CHARLIE HAS THE PICKAXE and I have a backpack full of rocks.
The plan, which makes perfect sense in our ten-year-old brains, is to dig until we find Underground.
Underground is exactly what it sounds like and everything else we can imagine: somewhere, right beneath our feet, is Underground, and if it’s a place then surely it has tunnels and lights and danger and adventure. Treasure, in Underground, surely abounds.
So we strap my dad’s pickaxe to Charlie’s back with red bungee cords, load my backpack with stones small enough to throw but big enough to fend off any Underground monsters, and carry shovels deep into my parents’ backyard. Our dig site—our entry point—is already littered with provisions: unopened Gatorade bottles, a kiddie pool where the things we find will go, a souped-up metal detector, and a wheelbarrow, full of tools we pulled off the garage wall.
“What are you going to do with your booty?” I ask, half out of breath from the homemade anchor on my back but still wrecked by how funny the word “booty” is.

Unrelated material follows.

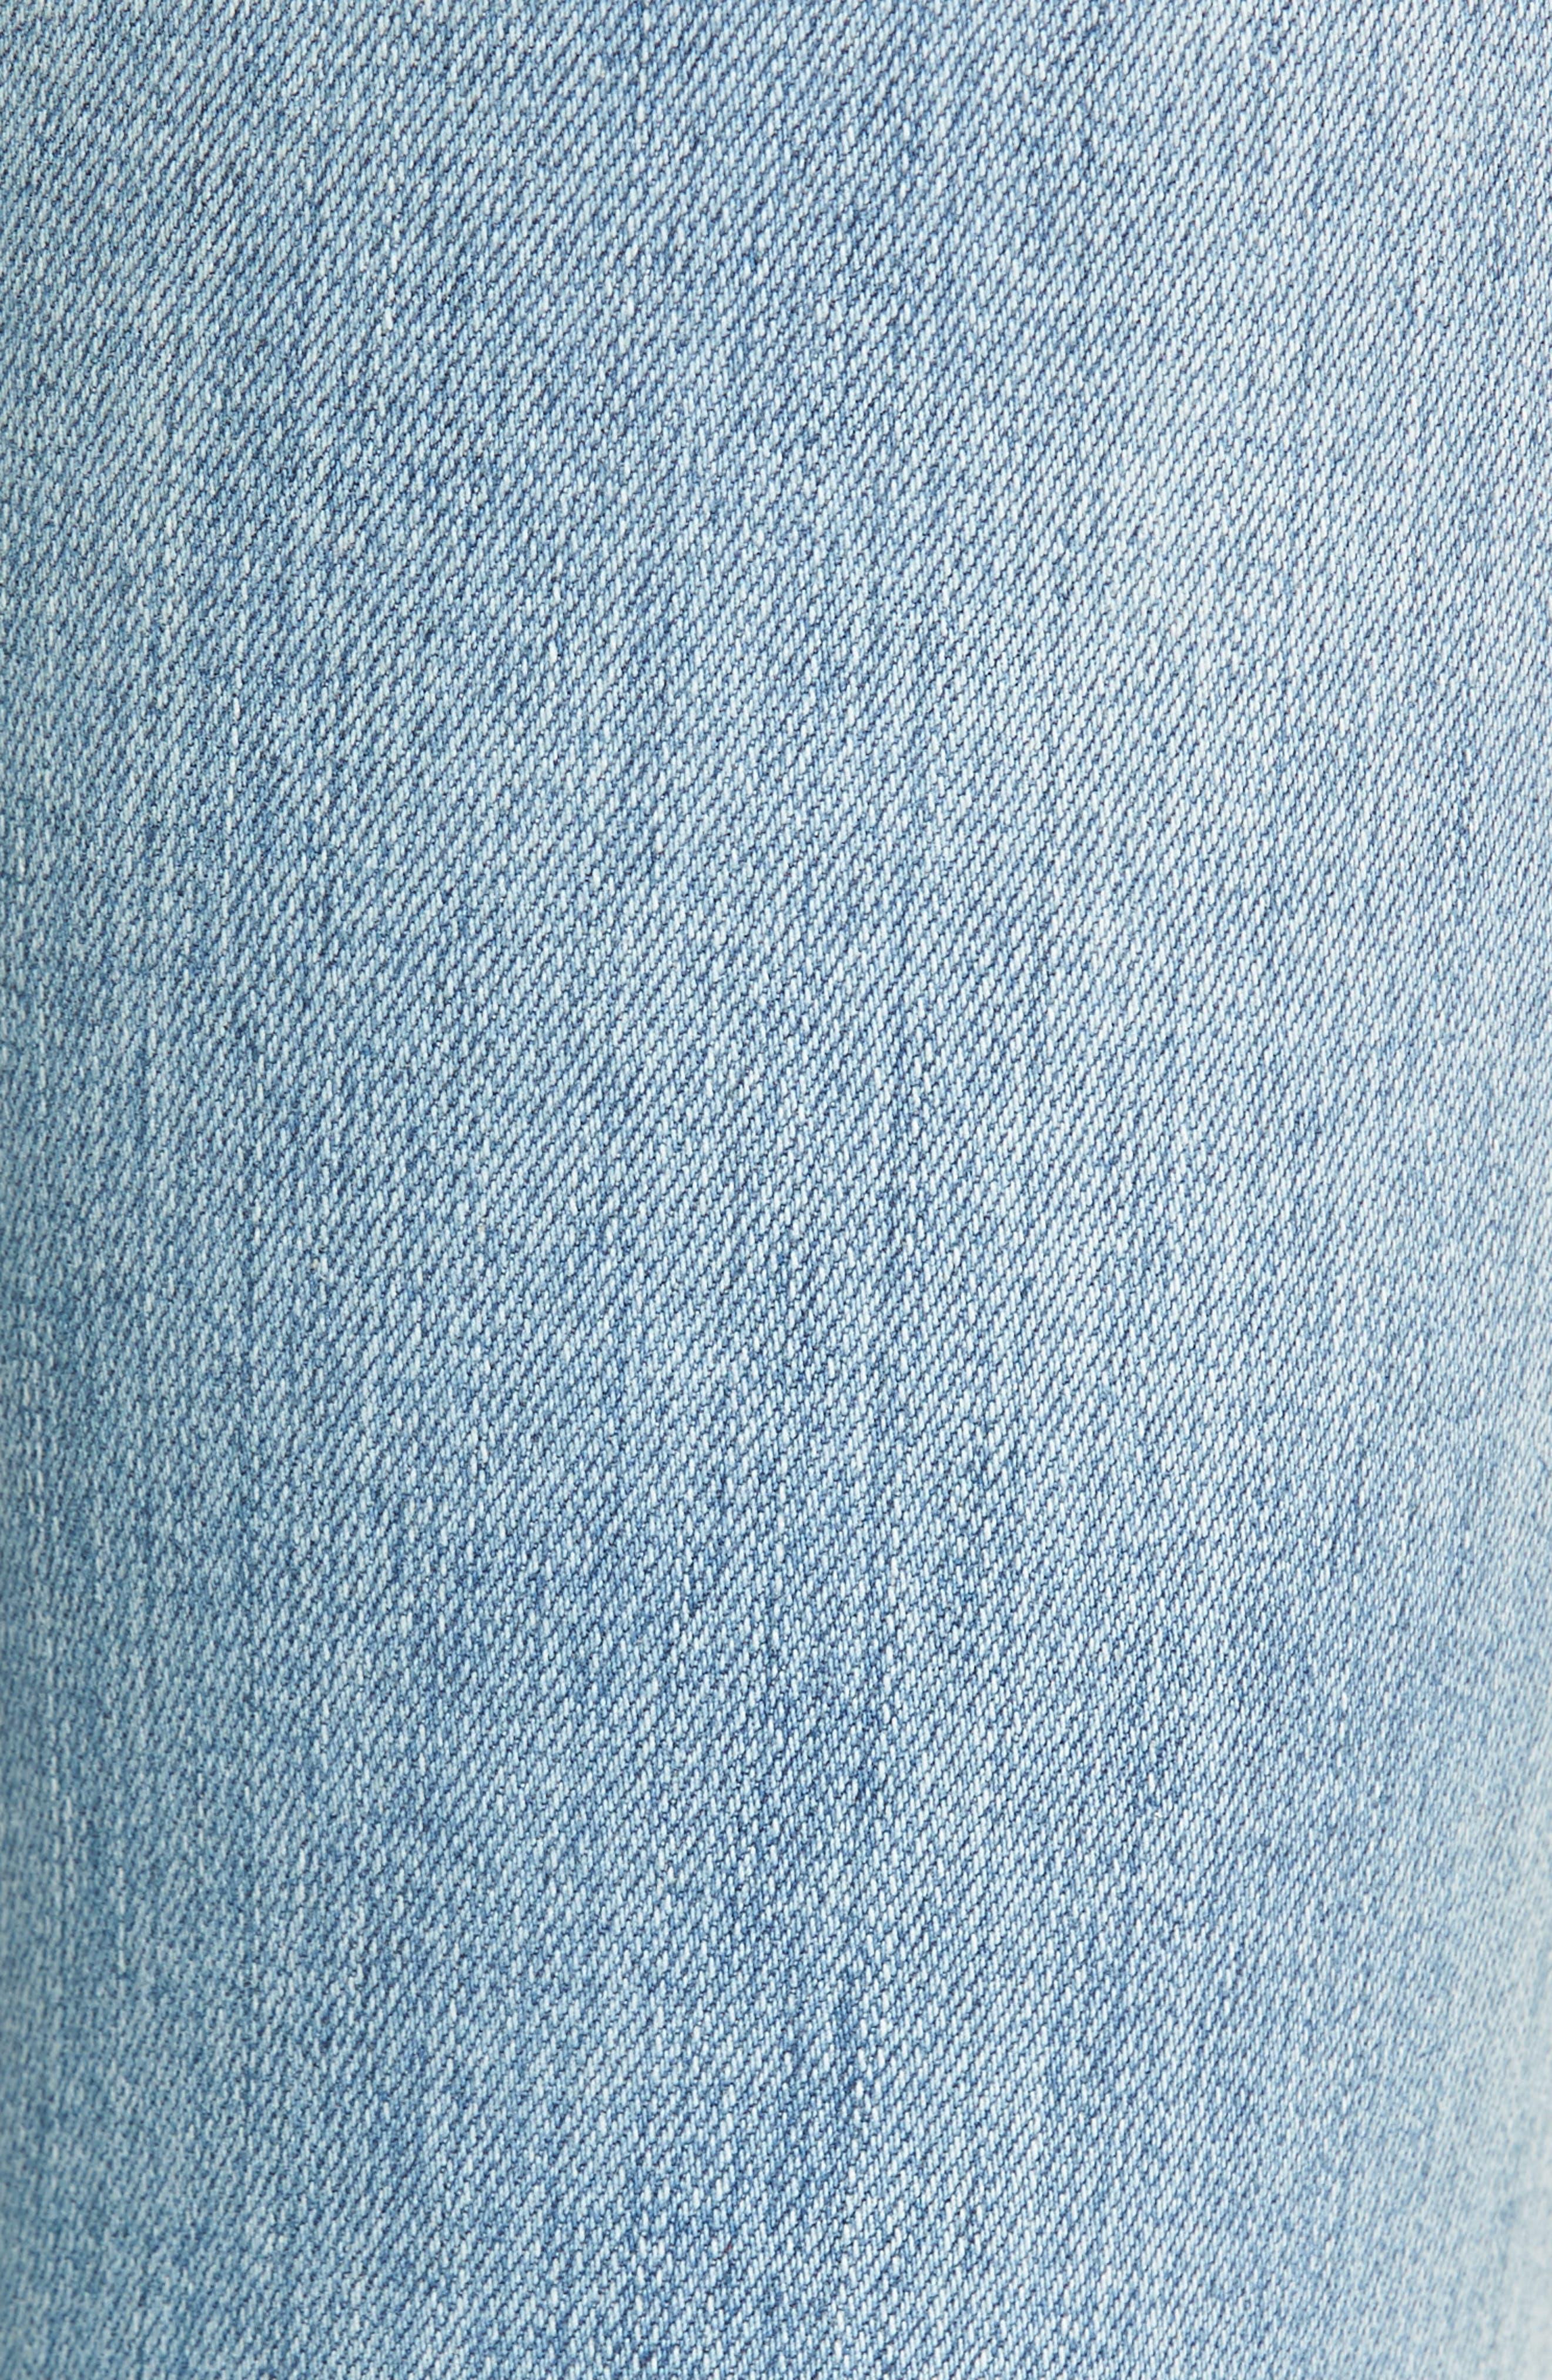 Mile High Super Skinny Jeans,                             Alternate thumbnail 6, color,

Charlie’s face is red from lugging tools back and forth and he keeps reaching back to adjust the pickaxe that’s digging into his hip. “With my booty, first thing I’m going to do is buy a pool to put all my booty in.”
Charlie is equally infected by booty.
“A booty pool!”
“Booty pool!” Charlie yells.
We dump our tools to the side as we get to the site. The location isn’t arbitrary, on account of the military-grade metal detector I’ve cobbled together.
Forty minutes later there’s a minor canyon dug in my parents’ lawn. It’s Charlie’s turn to tear up the ground to make digging easier.
He brings the pick down and we hear exactly what we’ve been waiting for: the metallic pang of iron hitting fame and/or fortune.
“The shit was that?” he says, the tool still sunk into the ground, his eyes locked on mine.
“Keep digging keep digging keep digging!” He tears the pickaxe out of the ground, heaves it above his head, and brings it down. Again and again, trying to loosen the earth. “Wait!” I say, throwing my hands out. “Wait, stop!”
“What, why?” he asks, pickaxe hovering above his head for a minute before falling backward. “What is it?” The energy in his voice has a heroic edge to it, like he’s expecting me to say that I hear someone coming, or see one of the monsters we’re prepared for.
“What if the treasure isn’t in a trunk?”
“What?” The heroic edge is gone.
“What if the treasure isn’t in a big metal box?”
“I don—”
“We need to stop hitting it with a pickaxe.”
The realization that he is potentially littering our priceless heirloom with puncture wounds sweeps across his face. “Aw shit, you’re right. We’ve gotta dig. Gotta dig dig dig dig!”
We trade out and I dig.
Four feet in the ground, I work the best I can to uncover the shape that is becoming less and less boxlike with each shovel-ful of dirt I pull out.
The thing in the dirt starts to take shape and it definitely doesn’t seem big enough to be worth a booty pool. But it’s solid; no matter how hard we hit it, no matter how much we dig around it, it remains where it was planted.
Eventually we have a length of it uncovered, however caked in black earth it may be.
We’ve dug enough of a crater that we can sit with our backs against the cool earth. Charlie wipes at the dirt coating his arm and says, “You think it’s, like, part of a ship? Or like a whole ship?”
Then I say a word I’ve only ever heard in movies and have never yet said myself:
“Fuck.”
I scramble to my knees, grab the Gatorade that’s sitting next to me, and dump some on the hopefully-a-treasure still trapped in the earth.
“What are you doing!” he yells, mostly in disbelief that I’d pour Gatorade on our artifact.
The dirt cascades off in black ribbons and even before the yellow sports drink is done dripping off we see the words Guthrie Gas and Power written on a very damaged pipe.
First there’s confusion on his face, then surprise. “I think we almost blew up the neighborhood,” he says, smiling.